You're not extracting the supplied $file parameter in the print_file_names() function.
It should be:
sub print_file_names()
{
my $file = shift;
...
}
Your -d test in the outer loop looks wrong too, BTW. You're saying next if -d ... which means that it'll skip the inner loop for directories, which appears to be the complete opposite of what you require. The only reason it's working at all is because you're testing $file which is only the filename relative to the path, and not the full path name.
Note also:
Perl on Windows copes fine with / as a path separator
Set your parent directory once, and then derive other paths from that
Use opendir($scalar, $path) instead of opendir(DIR, $path)

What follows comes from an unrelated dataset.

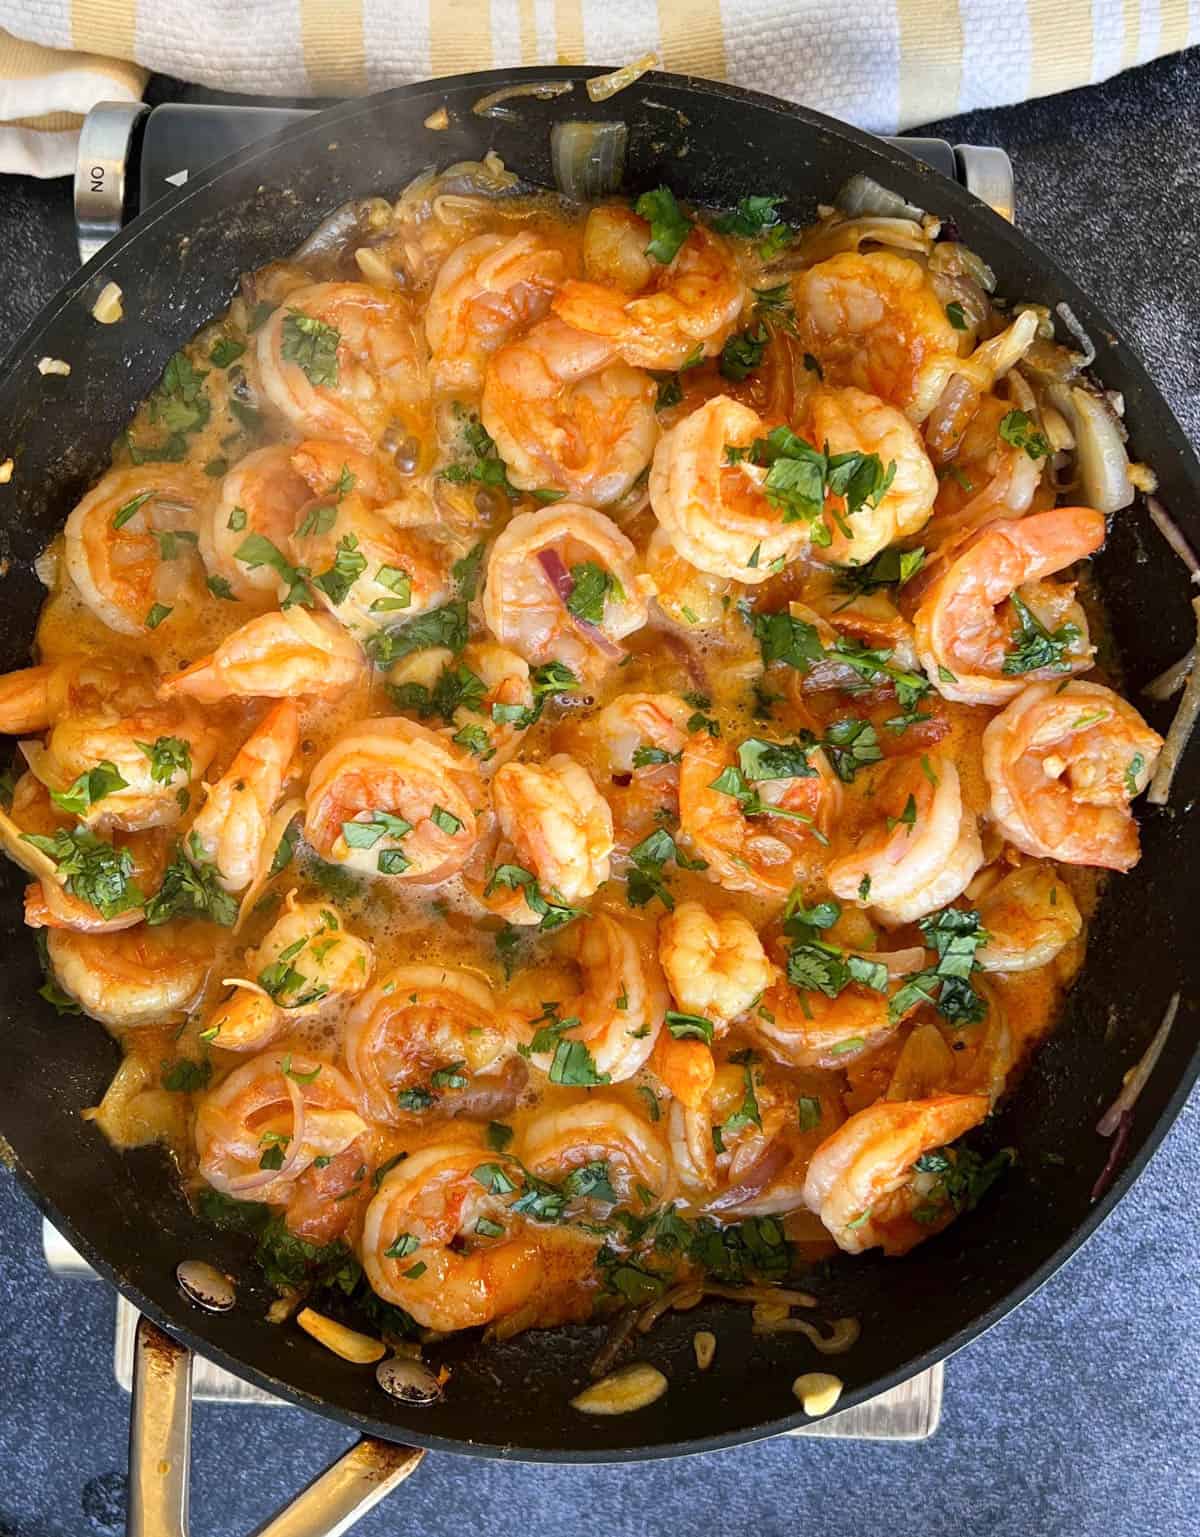 the cooked shrimp in the skillet garnished with cilantro.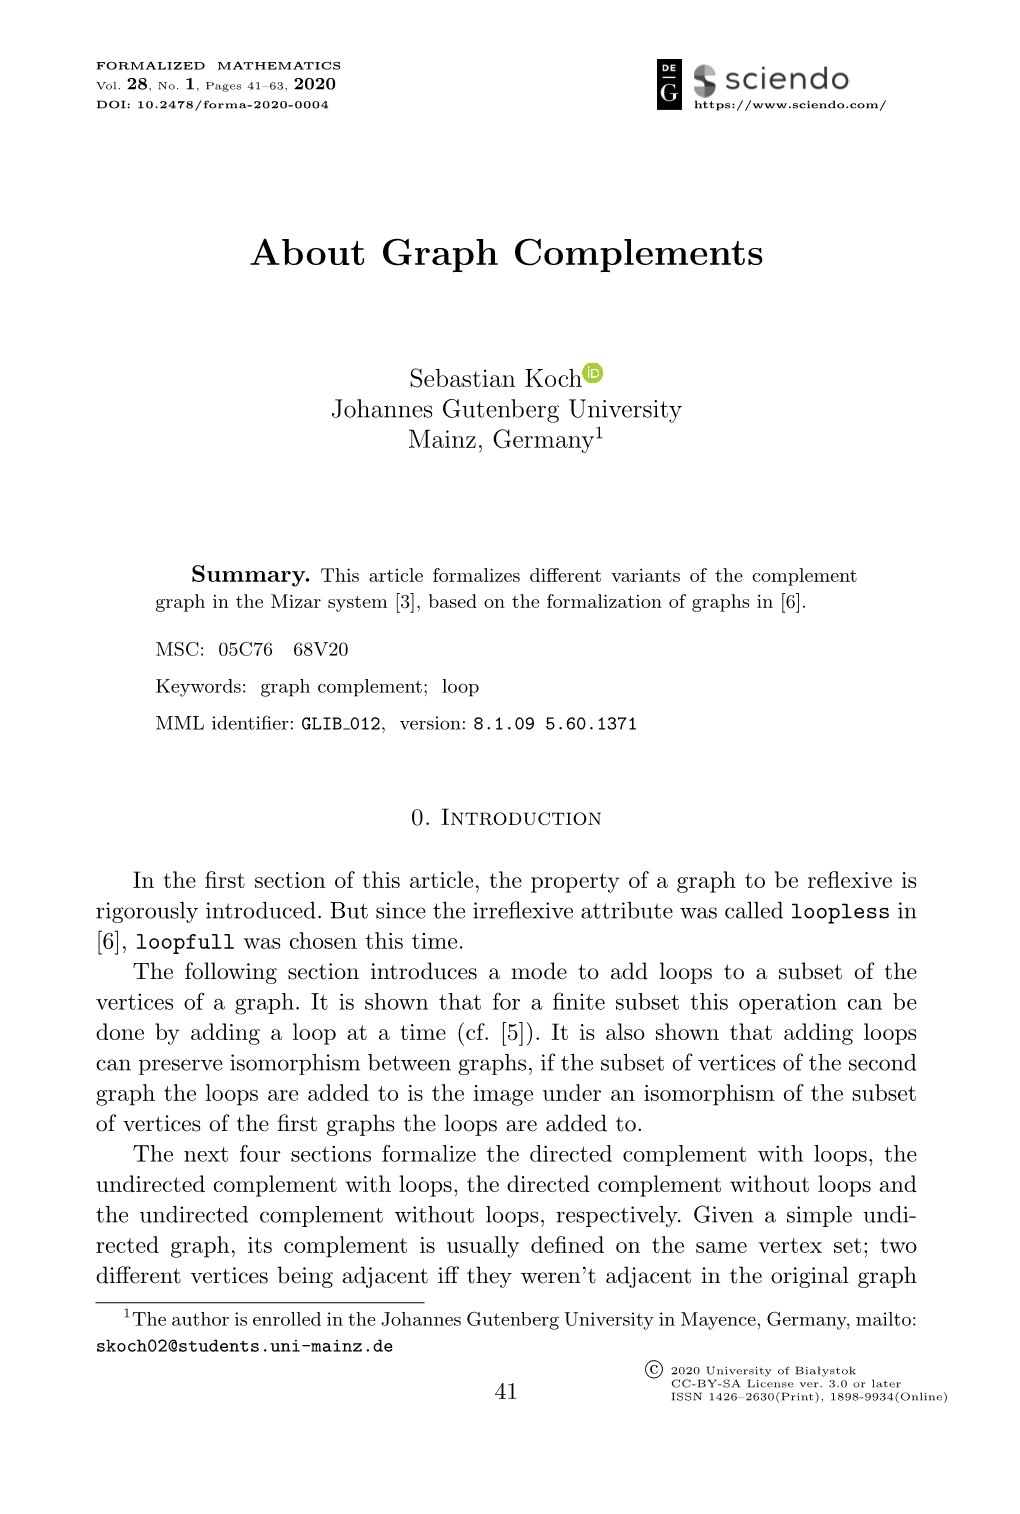 About Graph Complements

nb: untested code follows:
use strict;
use warnings;
use FileHandle;
my $parent = "D:/PERL/perl_programes/parent_directory";
my ($par_dir, $sub_dir);
opendir($par_dir, $parent);
while (my $sub_folders = readdir($par_dir)) {
next if ($sub_folders =~ /^..?$/); # skip . and ..
my $path = $parent . '/' . $sub_folders;
next unless (-d $path); # skip anything that isn't a directory
opendir($sub_dir, $path);
while (my $file = readdir($sub_dir)) {
next unless $file =~ /\.html?$/i;
my $full_path = $path . '/' . $file;
print_file_names($full_path);
}
closedir($sub_dir);
}
closedir($par_dir);
sub print_file_names()
{
my $file = shift;
my $fh1 = FileHandle->new($file)
or die "ERROR: $!"; #ERROR HERE
print("$file\n");
}
Please start putting:
use strict;
use warnings;
at the top of all your scripts, it will help you avoid problems like this and make your code much more readable.
You can read more about it here: Perlmonks
You are going to need to change the entire code to make it robust:
#!/usr/bin/perl
use strict;
use warnings;
use File::Find;
my $top = $ENV{TEMP};
find( { wanted => \&wanted, no_chdir=> 1 }, $top );
sub wanted {
return unless -f and /\.html$/i;
print $_, "\n";
}
__END__
Have you considered using
File::Find
Here's one method which does not require to use File::Find:
First open the root directory, and store all the sub-folders' names in an array by using readdir;
Then, use foreach loop. For each sub-folder, open the new directory by linking the root directory and the folder's name. Still use readdir to store the file names in an array.
The last step is to write the codes for processing the files inside this foreach loop.
Special thanks to my teacher who has given me this idea :) It really worked well!